Can Lysacek pull upset?

American is in second entering long program

If the ladies figure skating competition figures to be a bit too pedestrian at these 2010 Winter Olympics it won't be a problem. Because right now the men are putting on a show that could be hard to top.

The women have long provided television networks with a staple of Winter Olympics coverage. This year three men — Russia's Evgeni Plushenko, American Evan Lysacek and Japan's Daisuke Takahashi — all posted huge scores during the short program. After a night off, they will gather again at Pacific Coliseum on Thursday for a primetime showdown in the free skate.

Plushenko wowed judges with his thrilling comeback performance — he had retired after winning gold at the 2006 Torino Games and only started seriously training again 11 months ago. His score of 90.85 was the second-best of his brilliant career.

But a second consecutive gold is far from a sure thing for the 27-year-old. Lysacek, the reigning world champion is in second place at 90.30. He's the reigning world champion, but Plushenko is the one with a target on his back. An elite pack of skaters is chasing him, including fifth-place Stephane Lambiel of Switzerland, who took silver at Torino.

“[Plushenko] has the power mentally because he has what we all want,” Lysacek said. “It's going to take some mighty fine skating to get that power away from him.”

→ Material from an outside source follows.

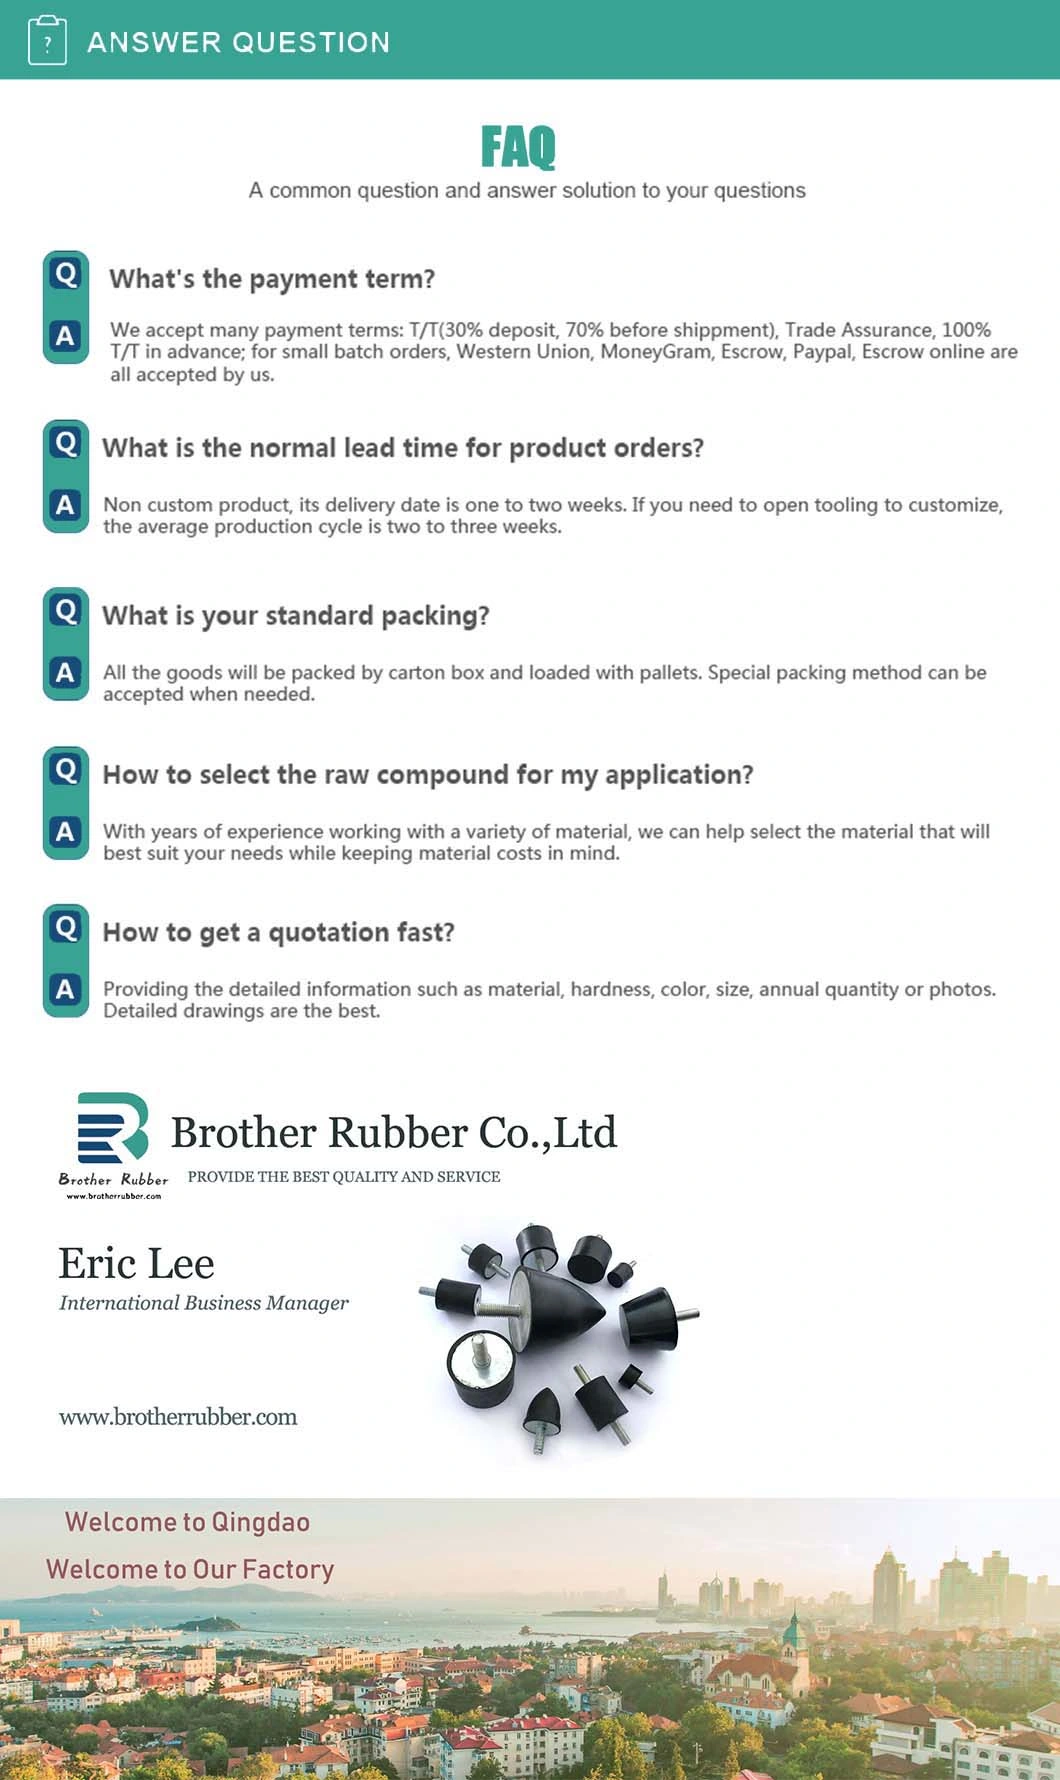 Polyurethane Bushing Kit/Rubber Grommet Suppliers/Car Wheel Bushing
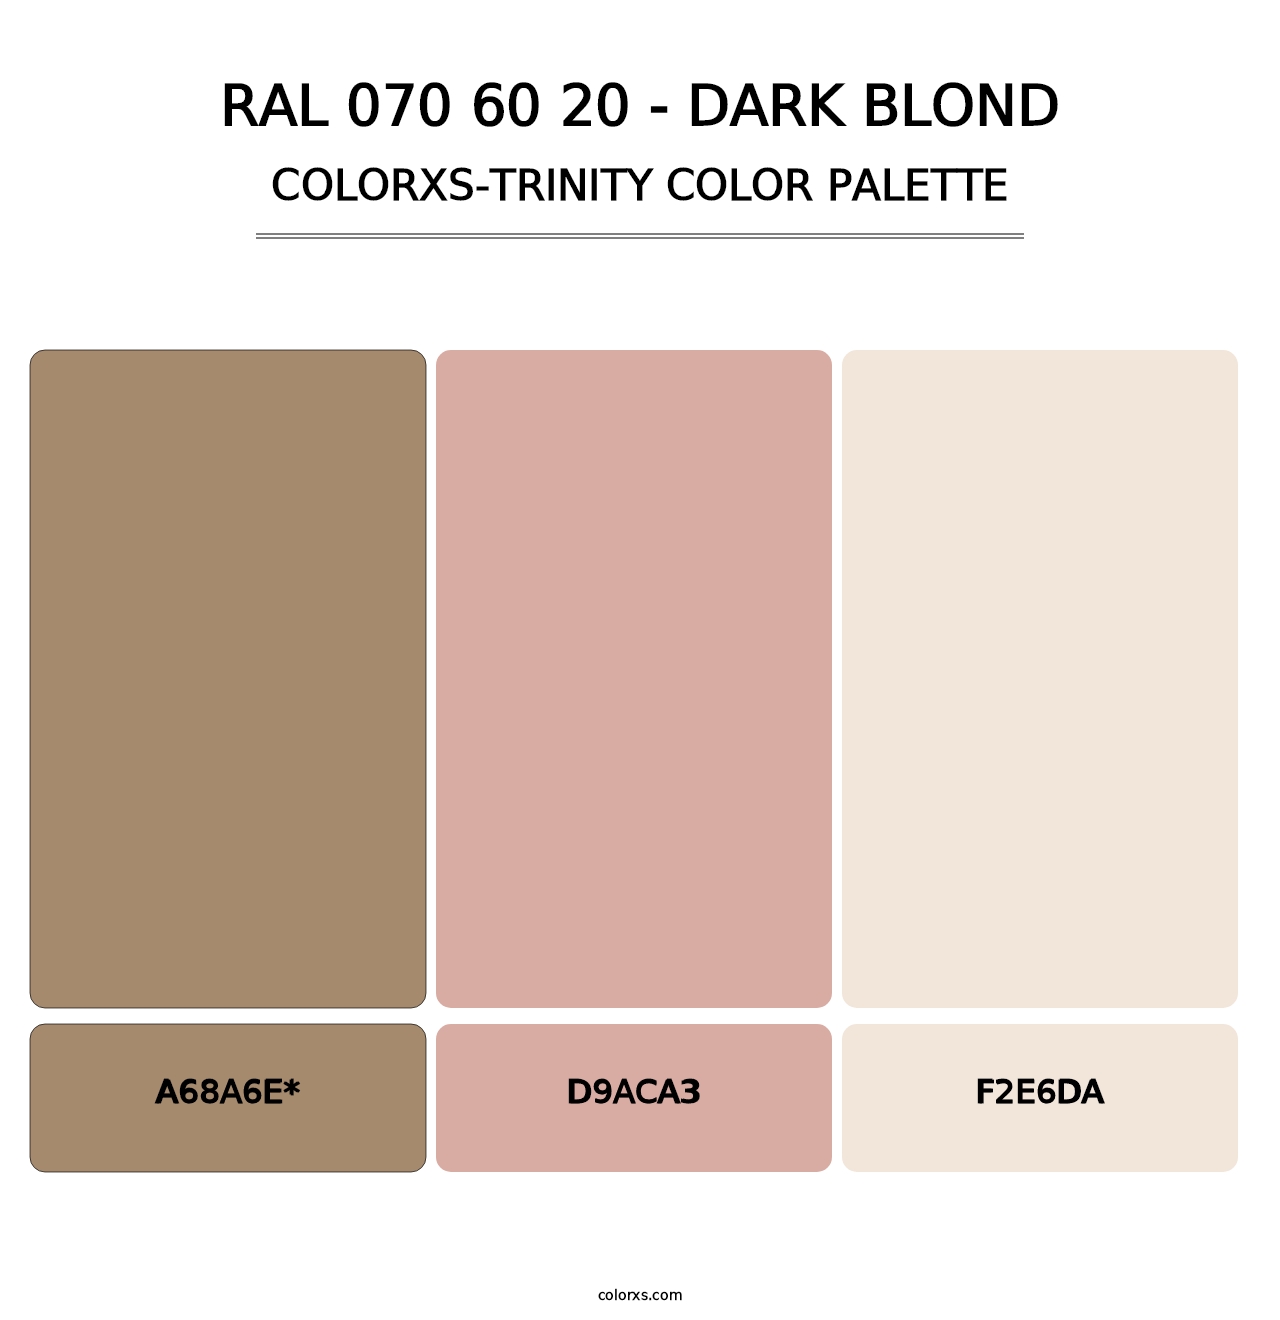 RAL 070 60 20 - Dark Blond - Colorxs Trinity Palette

Lysacek performed beautifully. But maybe the most important development was dealing with a painful left foot injury that has bothered him on and off for months. He felt better on Tuesday night. But does he feel good enough to add a quadruple jump to the equation in Thursday's long program? Lysacek had planned on leaving it out of his Olympic program. In a tight chase for gold, though, it could spell the difference.

It's unlikely anyone other than the top three — Takahashi is third at 90.25 — will contend for gold. Fourth place belongs to Japan's Nobunari Oda at 84.85. Lambiel may have a better shot after his 84.63 just because he's been here before. Not only is the 24-year-old an Olympic silver medalist, but he jumped from fifth to second after the short program at the European Championships last month.

“That's competition and it is never going to be easy,” Plushenko said. “If somebody says today, 'I am not nervous' or 'I skate easy,' or 'I am not tired' I don't believe him.”